Keywords

1 Introduction

Pulmonary arterial hypertension (PAH) is a pathological hemodynamic condition defined as mean pulmonary arterial pressure (mPAP) at rest \({>}25\) mmHg, measured by gold standard - right heart catheterisation (RHC) [12]. Pulmonary arterial hypertension can originate in lungs, heart, pulmonary artery and blood, and eventually leads to right heart failure or death. Standard diagnostic procedure requires clinical evaluation, non-invasive imaging and right heart catheterisation [8].

However, some patients do not receive RHC as part of their diagnostic routine and this may be related to lack of training or the potential perception of RHC invasive risk, especially in the pediatric population [13]. This phenomenon increases the possibility of incomplete diagnosis, which diminishes the effect of targeted therapies [4]. In reality, echocardiography and catheterisation are usually conducted in separated labs. In order to combine the hemodynamic information provided by RHC and echocardiography, in our work, we explored the possibility of incorporating catheter-based data prediction, specifically, mean pulmonary artery pressure (mPAP) and pulmonary vascular resistance (PVR), into routine echocardiography diagnosis.

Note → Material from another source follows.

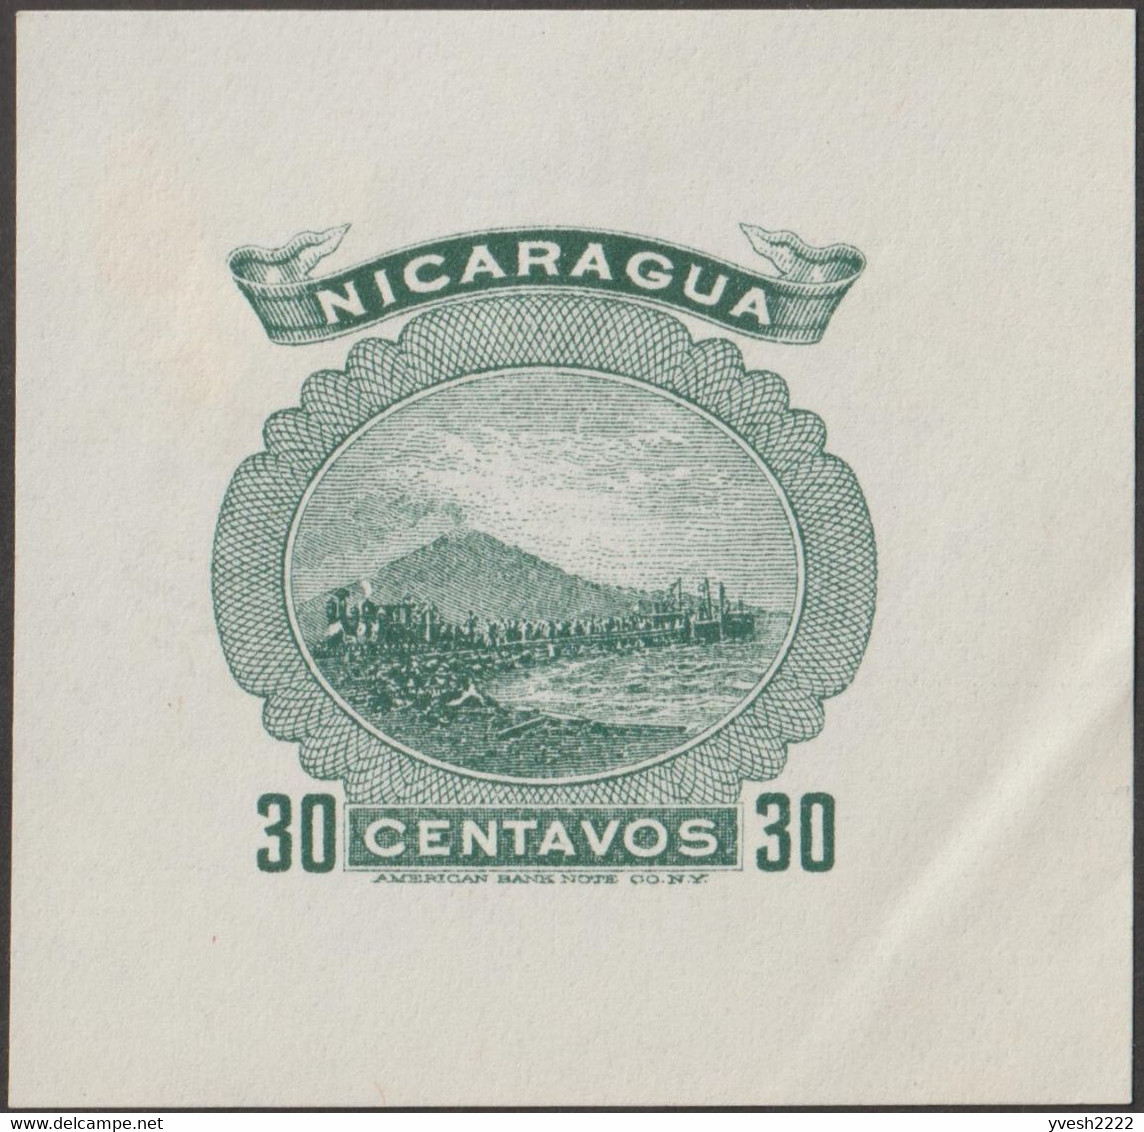 Nicaragua 1900. 7 essais d'affranchissements d'entiers postaux. Volcan Momotombo, de type stratovolcan, 1297 mètres

There exists very simple ways to estimate PVR [11] and mPAP [3] but most of them only rely on one or two echocardiographic measurements, which largely propagates measurement uncertainty to prediction and constrains their usage under different physiological conditions. Recently, with the advance of machine learning techniques, data-driven algorithms demonstrated good performance in cardiac tasks [5]. Besides, numerical modeling of pulmonary circulation also showed the ability to assess hemodynamic values non-invasively [9]. In our work, we used a simplified cardiac lumped model which can be easily personalised from clinical data in order to simulate cardiac indicators. In addition, machine-learning based regression methods were also tested for their prediction power.

2 Methods

2.1 Data Presentation

Our retrospective dataset was collected from the records of Nice University Hospital in 123 patients with known or suspected pulmonary hypertension. Echocardiography-based cardiac indicators, such as ejection fraction, end-diastolic left and right ventricular volumes, were extracted by an experienced cardiologist. Complete or incomplete catheterisation measurement records (44% received both echocardiography and catheterisation within 48 h) are available for all the patients (see detailed data description in Table 1Footnote 1). Specifically, RAP in echocardiography data is estimated from inferior vena cava (IVC) diameter and its respirophasic variations, which leads to an ordinal value with possible values from {5,10,15,20}. sPAP is then calculated by \(sPAP = 4 * TRV_{max}^2 + RAP\), where \(TRV_{max}\) refers to tricuspid regurgitation maximum velocity. In our analysis, records of 95 patients were included. The other 28 records were discarded because of lack of catheter measurement.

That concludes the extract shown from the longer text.